◆ What is being asked
Tally up the lines below that carry the word "Black", answering with the figure alone.

++++++++++++++++++++

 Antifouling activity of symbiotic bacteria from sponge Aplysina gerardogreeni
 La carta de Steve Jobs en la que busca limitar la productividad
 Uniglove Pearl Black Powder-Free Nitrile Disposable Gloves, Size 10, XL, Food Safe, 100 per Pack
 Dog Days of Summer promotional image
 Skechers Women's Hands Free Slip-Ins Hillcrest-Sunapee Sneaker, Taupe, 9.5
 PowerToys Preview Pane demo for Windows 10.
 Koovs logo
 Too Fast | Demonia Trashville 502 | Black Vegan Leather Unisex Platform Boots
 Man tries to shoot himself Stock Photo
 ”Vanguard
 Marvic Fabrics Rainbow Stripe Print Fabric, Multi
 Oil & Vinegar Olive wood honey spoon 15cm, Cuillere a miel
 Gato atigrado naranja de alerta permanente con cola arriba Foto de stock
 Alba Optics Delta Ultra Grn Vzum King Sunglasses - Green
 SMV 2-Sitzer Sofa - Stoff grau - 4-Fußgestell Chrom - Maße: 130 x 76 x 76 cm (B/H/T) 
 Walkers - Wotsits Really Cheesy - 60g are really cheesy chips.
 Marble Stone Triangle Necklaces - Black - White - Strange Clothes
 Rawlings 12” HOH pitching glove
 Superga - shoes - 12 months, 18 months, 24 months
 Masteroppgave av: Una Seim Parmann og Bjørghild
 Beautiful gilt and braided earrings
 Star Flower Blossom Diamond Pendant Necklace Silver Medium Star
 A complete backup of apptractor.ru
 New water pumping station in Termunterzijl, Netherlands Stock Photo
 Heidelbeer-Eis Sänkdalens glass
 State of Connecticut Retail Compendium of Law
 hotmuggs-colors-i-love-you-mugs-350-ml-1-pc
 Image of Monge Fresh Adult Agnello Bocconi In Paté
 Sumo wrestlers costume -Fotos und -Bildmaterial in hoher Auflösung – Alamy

++++++++++++++++++++

◆ Output of the task
3